FLASH BANG WALLOP..
This 1963 show – based loosely on H.G.Wells’ semiautobiographical KIPPS – was originally a vehicle for Tommy Steele. And there were moments, as curly-haired young Charlie Stemp capered, frolicked, twirled, grinned with a whole keyboard of gleaming teeth and strummed a manic banjo, when I thought “Help! Some bastard has gone and cloned Tommy Steele. Where will this end?”.
For the part of Arthur Kipps, humble draper’s assistant who comes into money and nearly marries a posh girl, is pure quintessence of Steele in bad ways as well as good. Agile, likeable, fizzing with energy but shallow as a saucer. Becoming rich by inheritance, he forgets the childhood sweetheart to whom he gave half a broken sixpence as a boyish love-token, proposes to a posh and controlling girl whose family only want his money, realizes his mistake enough to be glad when the money’s embezzled, and returns to his old love. And that’s it.
The original work by Beverley Cross and David Heneker has been tweaked as to story by Julian Fellowes, the go-to man on Edwardian snobbery, with some new and revamped songs by Stiles and Drewe and loving oversight by Cameron Mackintosh. Immense fun has been had with the design by Paul Brown – an elegant diorama revealing English Edwardiana dripping with atmosphere whether in chandeliered drawing-room or ‘umble pub . Even wilder fun rules the choreography by Andrew Wright, which particularly in the second half is exhilaratingly witty. There’s a tremendous set-piece musical evening in which a nicely dreary bassoon solo by Lady Dacre morphs, with crazed psychological improbability, into a wild mass percussion event in bustles, led by Kipps on the banjo and culminating with the butler swinging from the chandelier. And of course the flash-bang-wallop wedding photo number ends it with dazzling precision and proper joy.
But for all Stemp’s valiant effort at character as the deluded hero, despite Devon-Elise Johnson as his beloved Ann (she has one fine moment of invective which got a small cheer), plus a dignified bland Emma Williams as posh Helen, the thinness of the story makes it un-engaging. Certainly it feels oddly dated, and devoid of the emotional kick we are used to in musicals all the way from Showboat to Sweeney Todd and Gipsy, and indeed Bend it like Beckham and Mrs Henderson Presents. Musicals can deliver a visceral, engaging, breath-holding thump but this one, overpacked with big numbers following relentlessly boom-bang-a-thump on one another’s heels carries you no further than foot-tapping and technical admiration. And there are some hellishly embarrassing lines illustrating Kipps’ social gaucheness: really, nobody on a public stage in 2016 should have to perform exchanges like “I suppose you like Bernini” “I don’t drink much”.

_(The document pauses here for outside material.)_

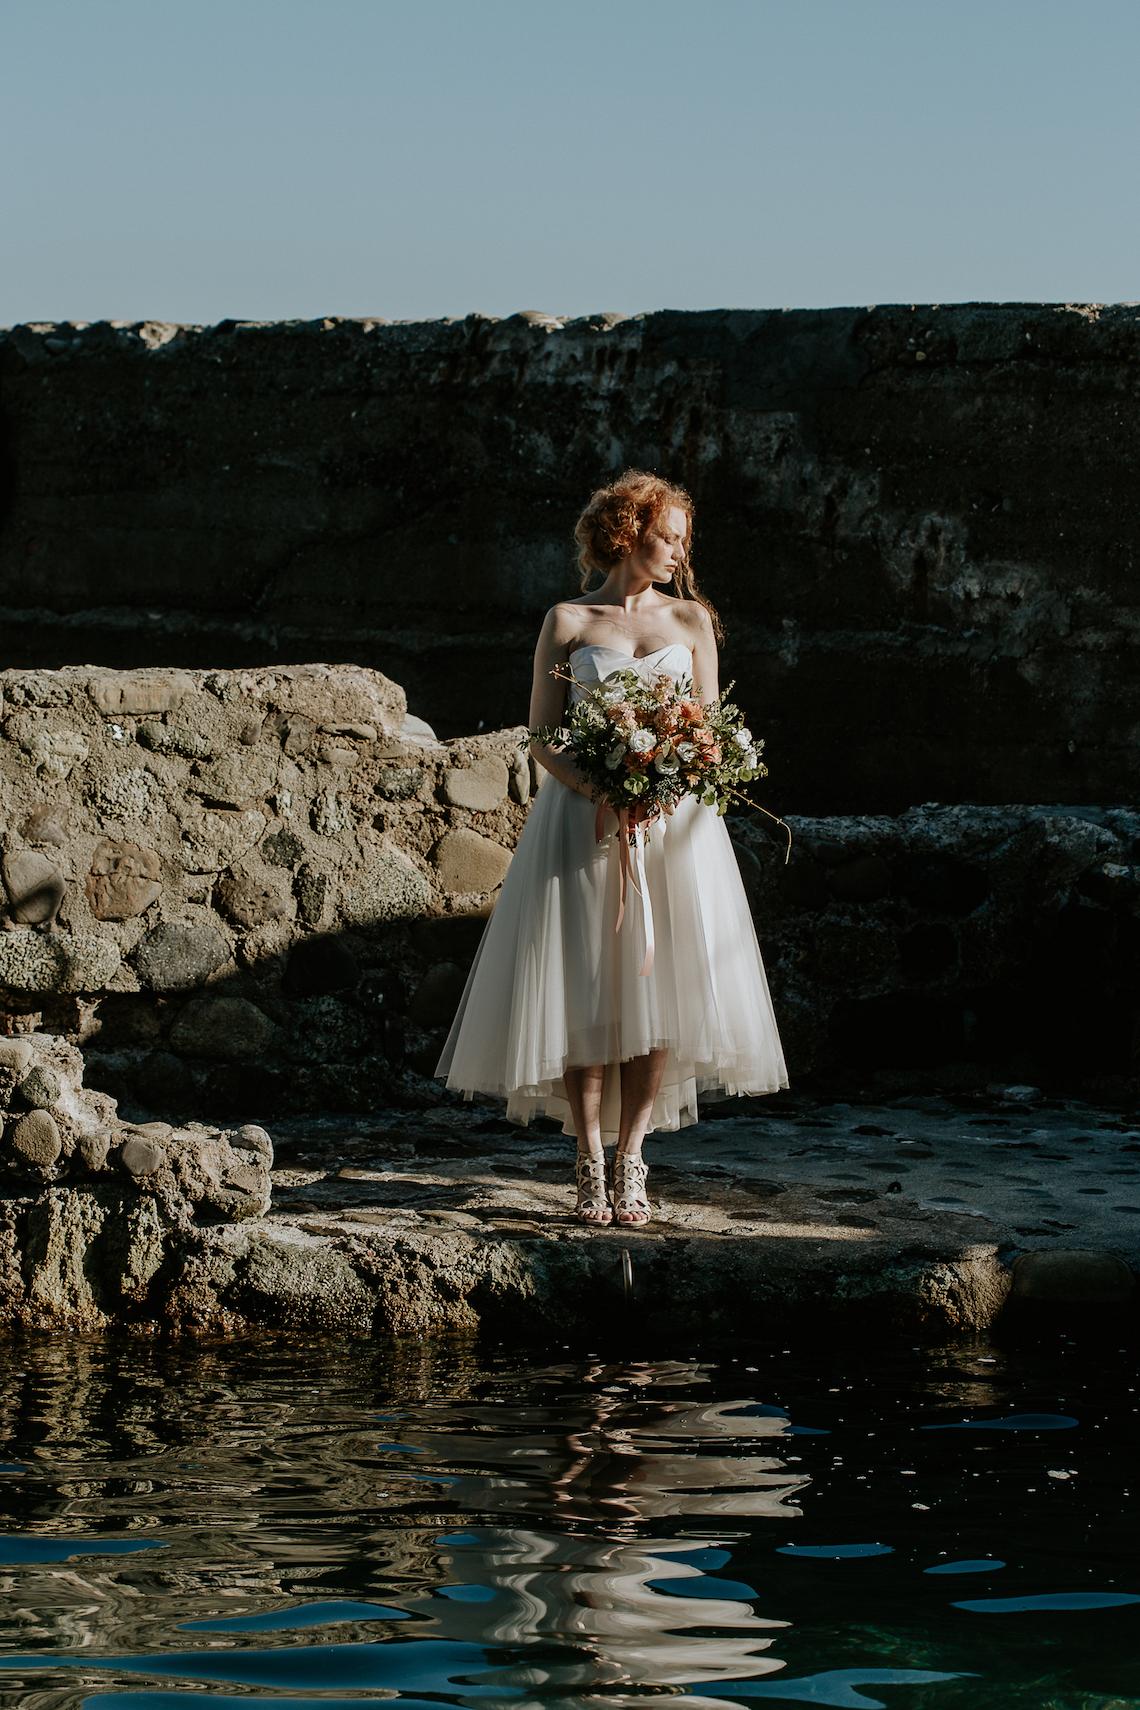 Rose Gold and Copper Cinque Terre Fall Wedding Inspiration – Di Luce e d Ombra – Greta Betton Wedding Planner 11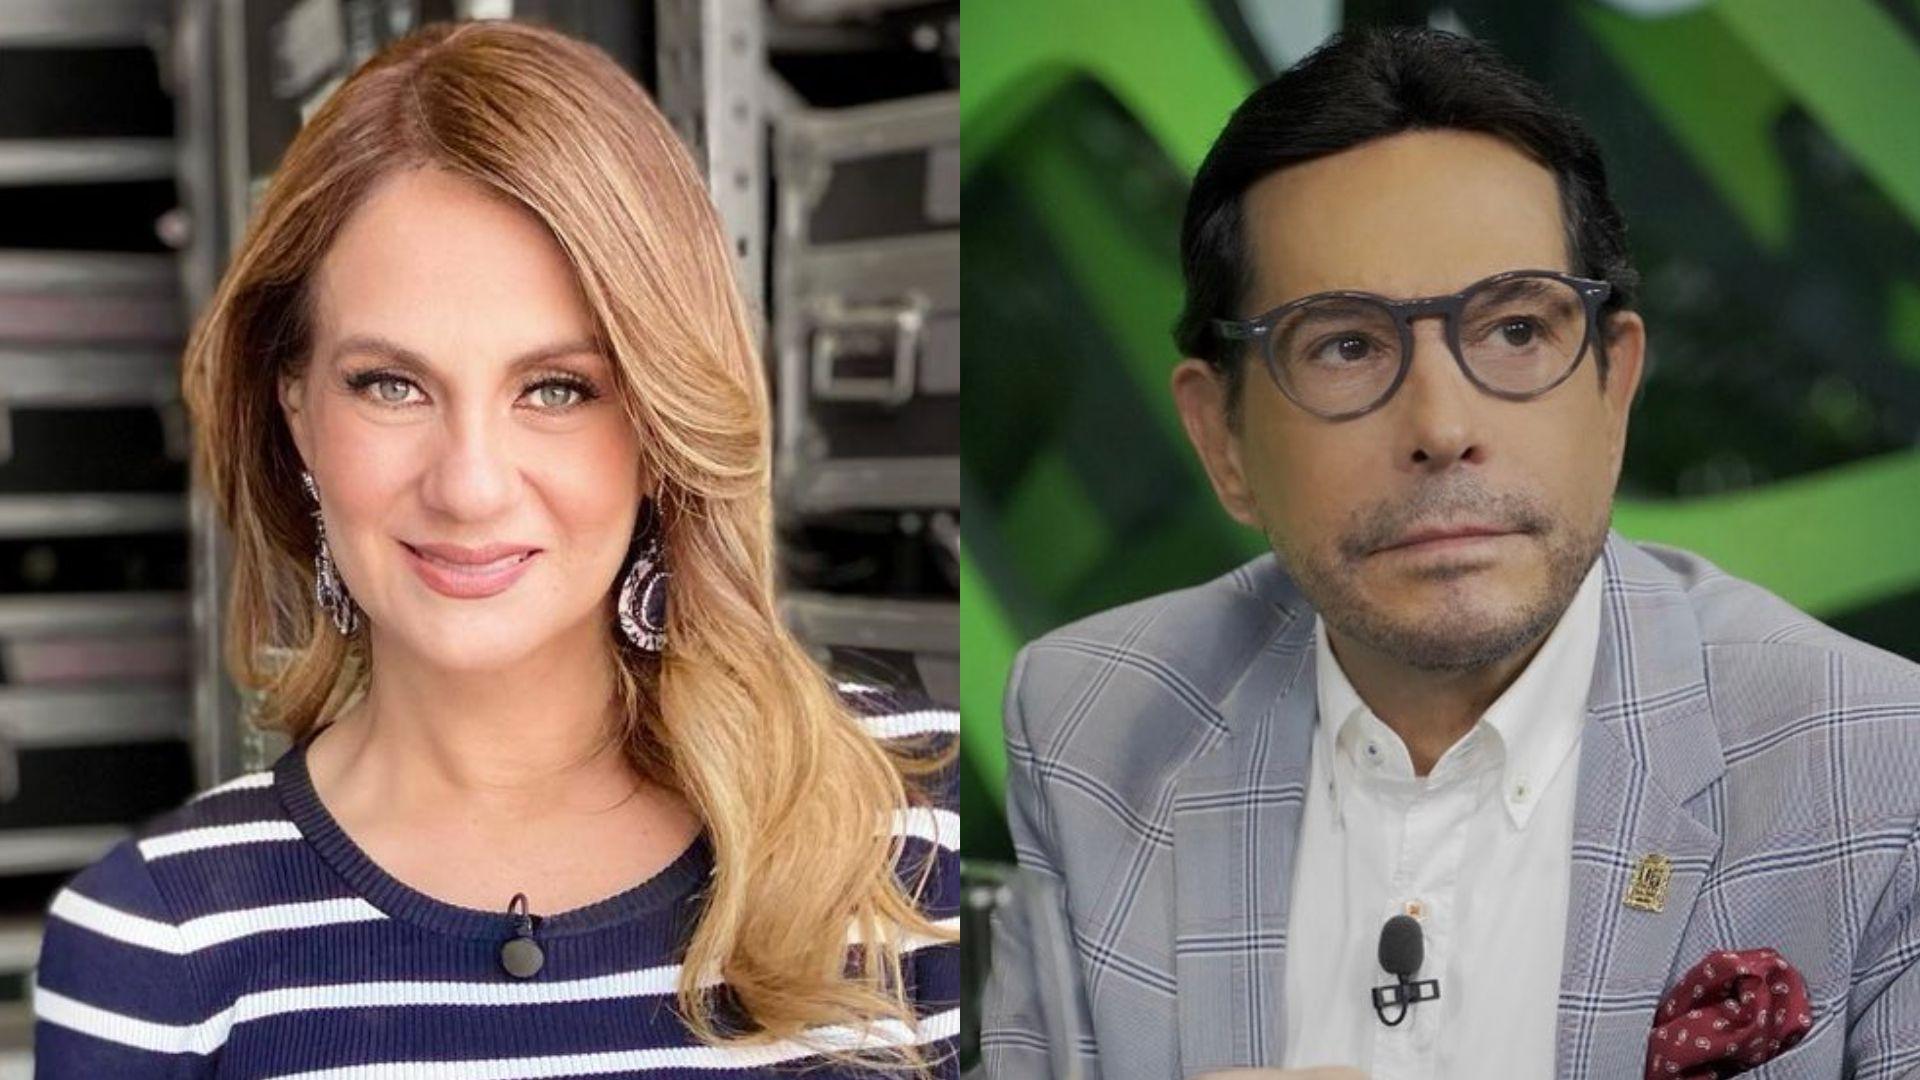 Flor Rubio y Juan José Origel (Foto: Instagram@florrubiooficial/@juanjoseorigel)

It would have been possible to drop a meaningless song or two to give us a lot more of Jane How’s magisterial Lady Punnet and Alex Hope’s Sid the Socialist (very HG Wells, but perhaps not very Fellowes). And I could have taken a great deal more of Ian Bartholomew’s bohemian actor-playwright Chitterlow, who beneath some very Donald Trump hair plays it genuinely funny with sparks of real eccentricity. It just needs something to throw a hook into our hearts, or at least our funnybones. But it’s fun, it’s vigorous, and the choreography and band are great. And Stemp is a real find. If you’d never seen a musical, it might dazzle.